━━━━━ PROVIDED DATA

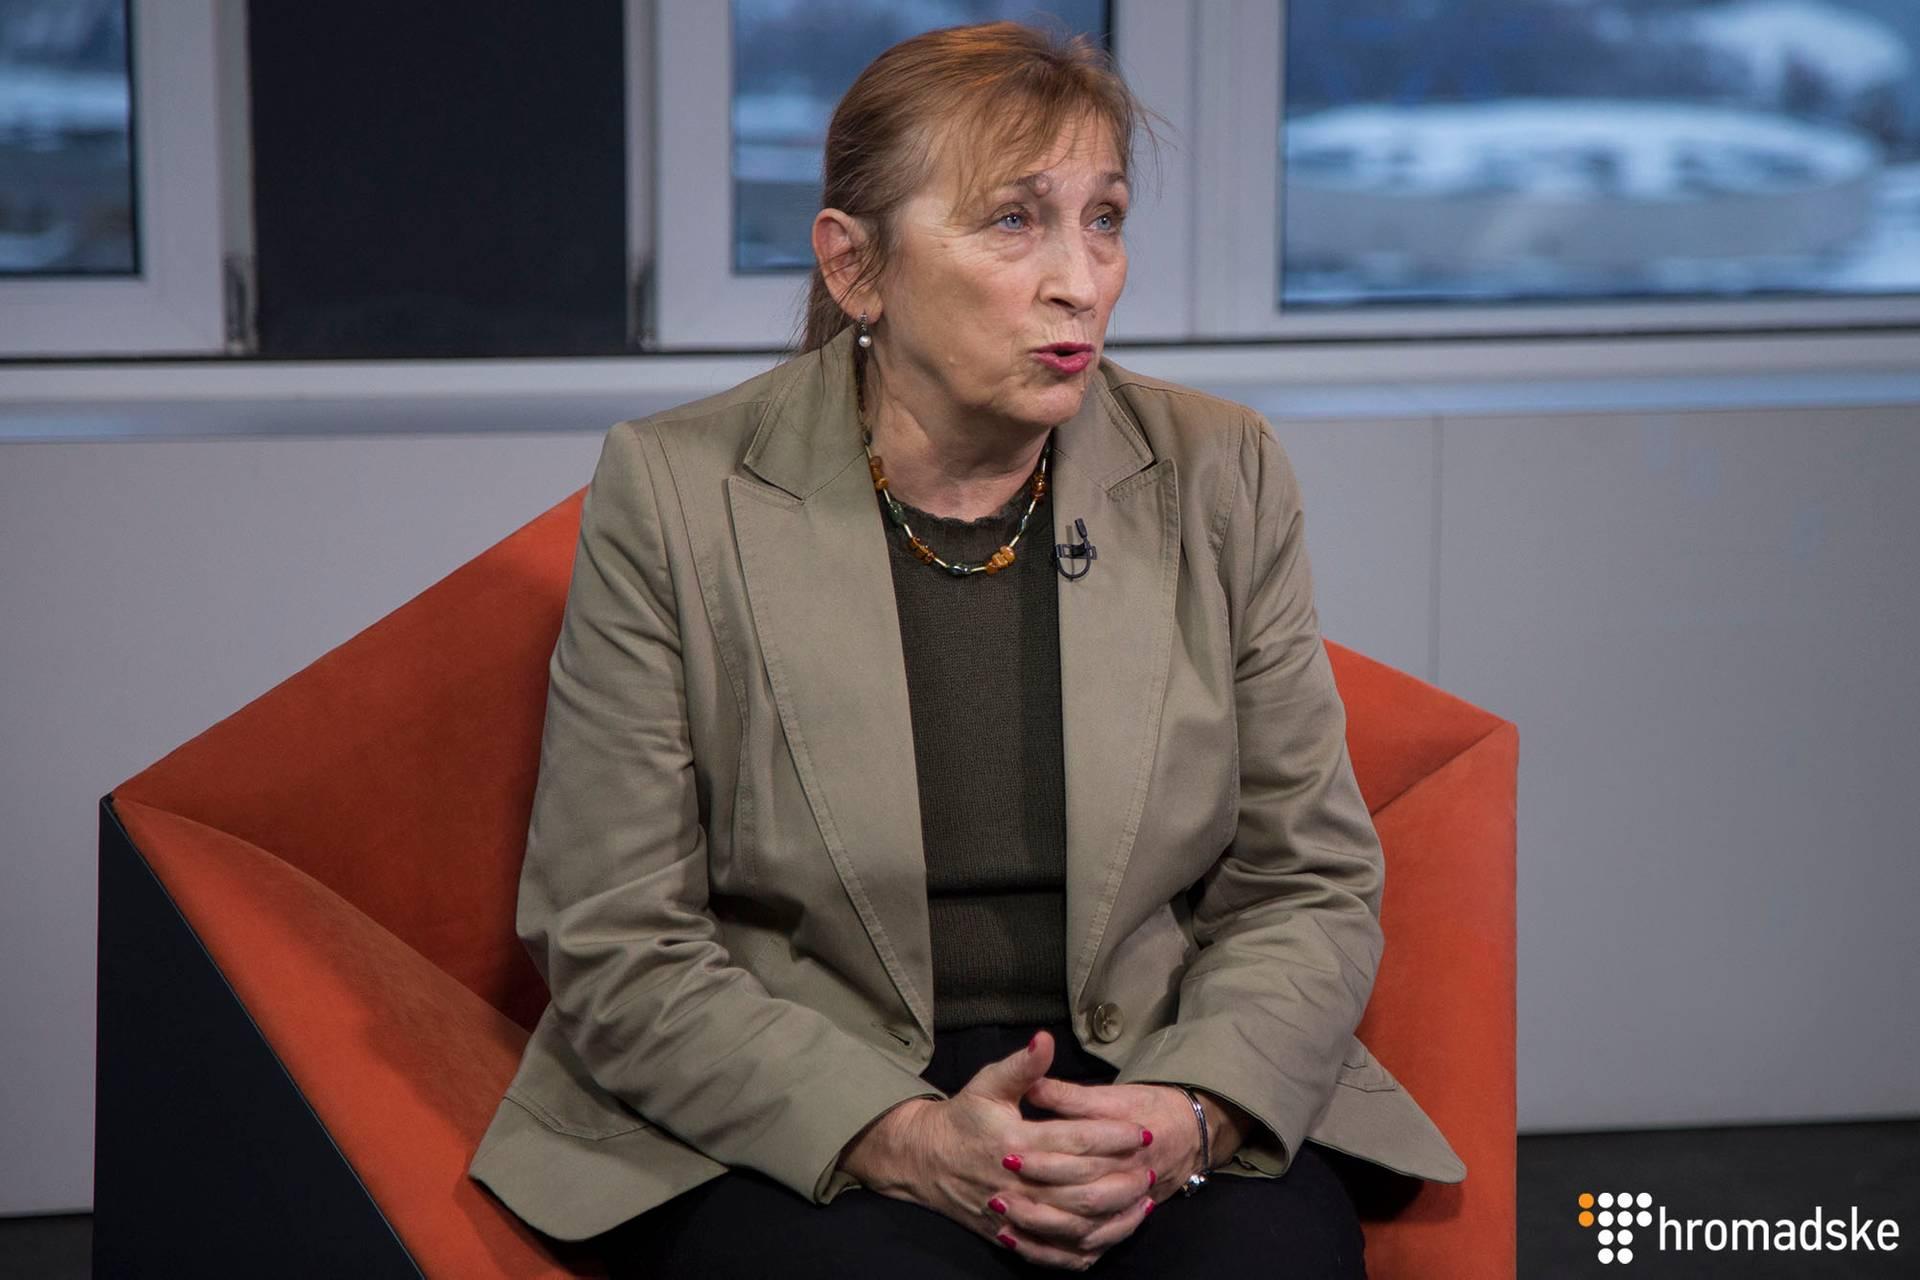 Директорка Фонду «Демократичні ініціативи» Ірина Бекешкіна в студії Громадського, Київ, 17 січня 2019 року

━━━━━━━━━━
━━━━━ PROVIDED DATA

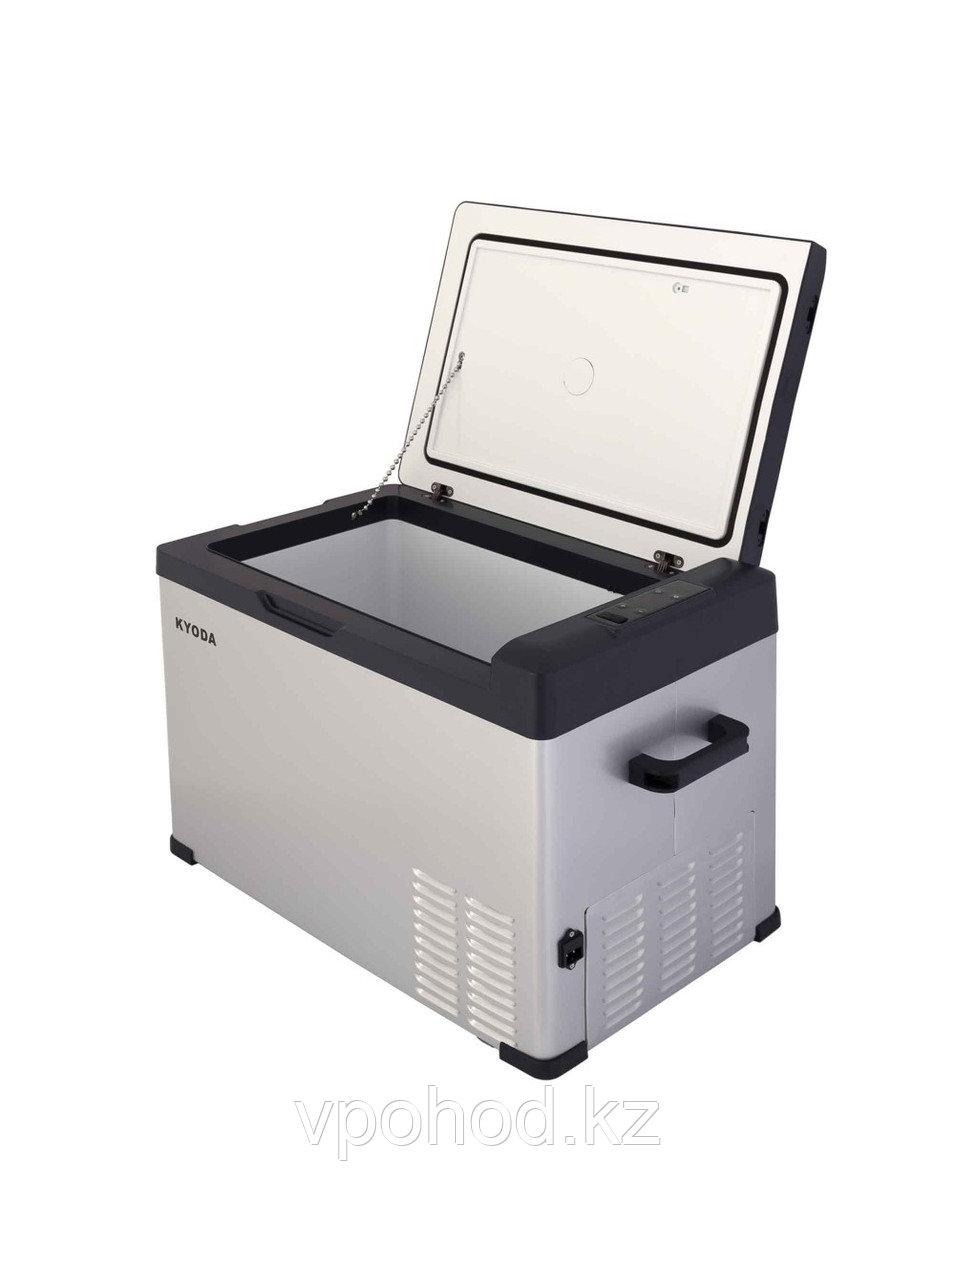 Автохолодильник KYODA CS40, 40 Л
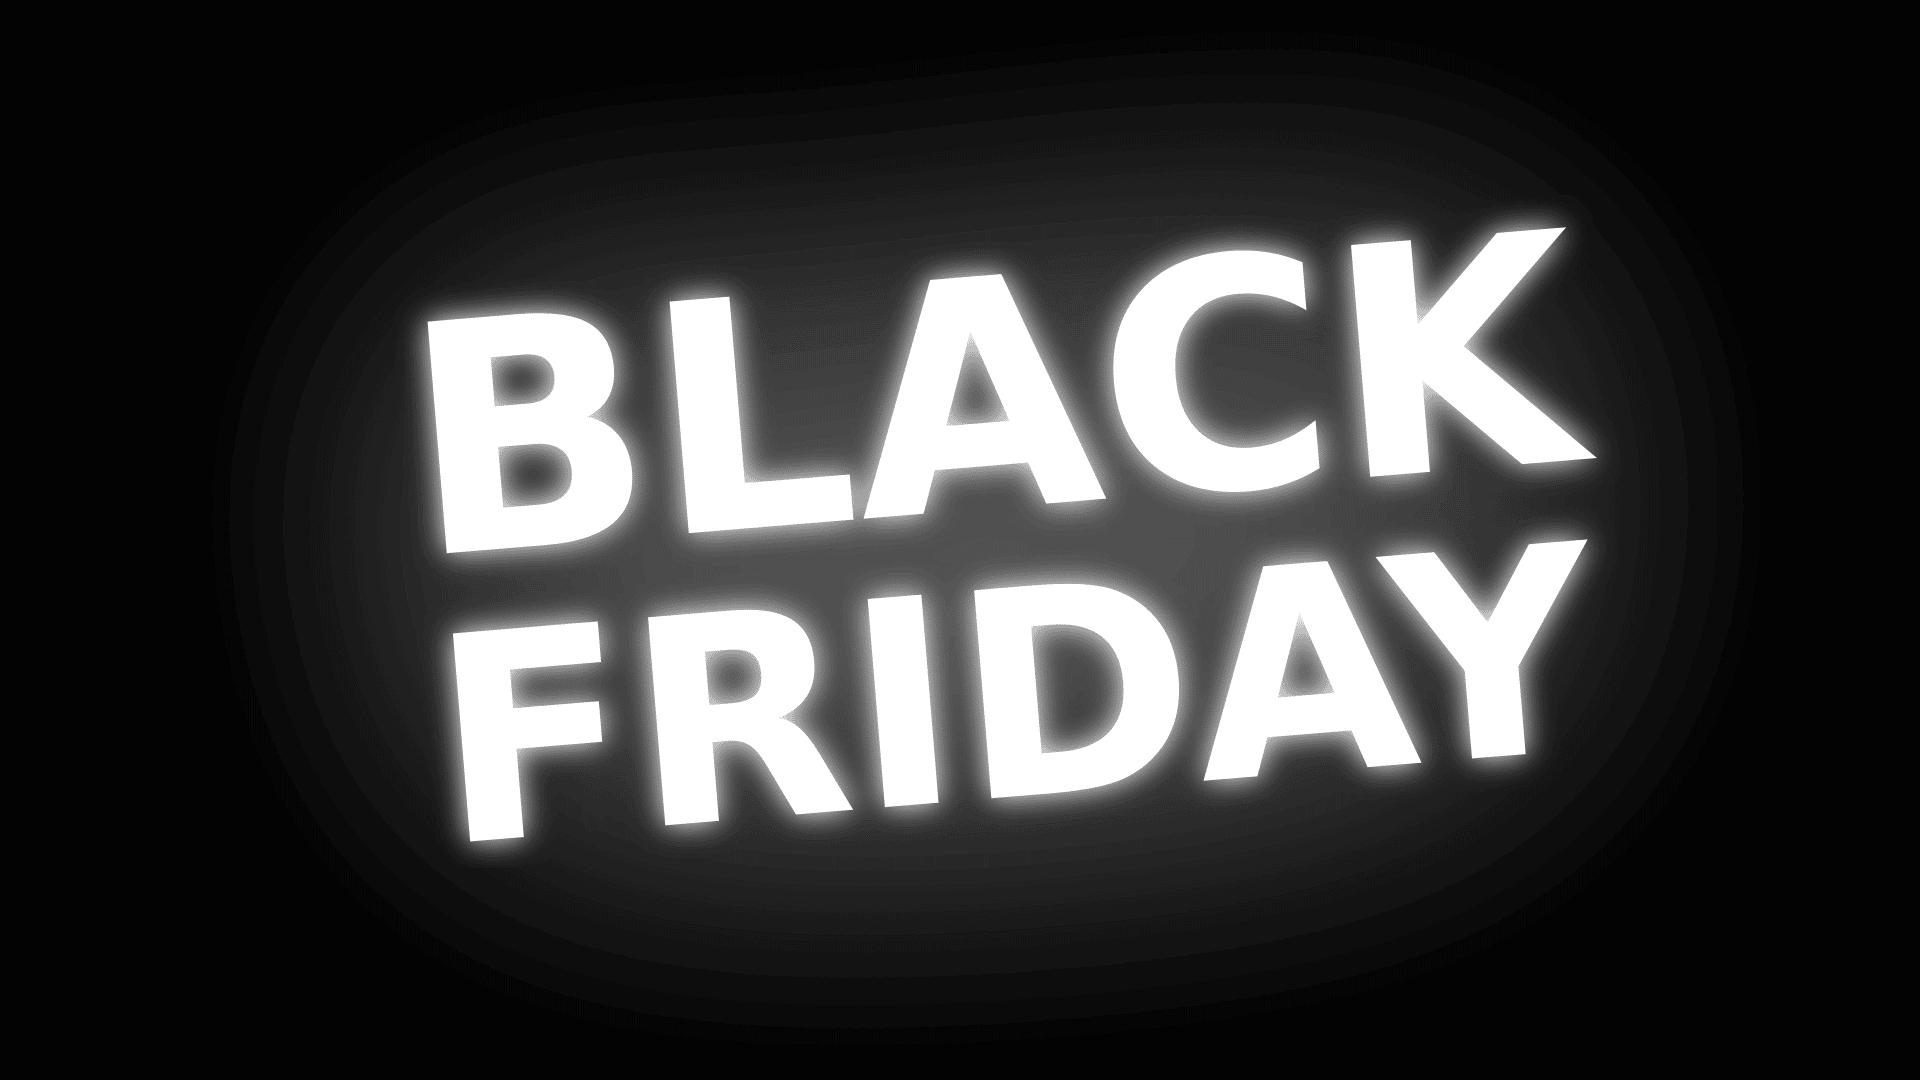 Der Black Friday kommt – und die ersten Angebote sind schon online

━━━━━━━━━━

» ACTIVITY: Repeat the lines above exactly, beginning with the one containing "Автохолодильник KYODA CS40, 40 Л" and finishing with the one containing "Der Black Friday". No pictures belong in the copy.

» ANSWER FOR THIS EXERCISE:
 Автохолодильник KYODA CS40, 40 Л
 Der Black Friday kommt – und die ersten Angebote sind schon online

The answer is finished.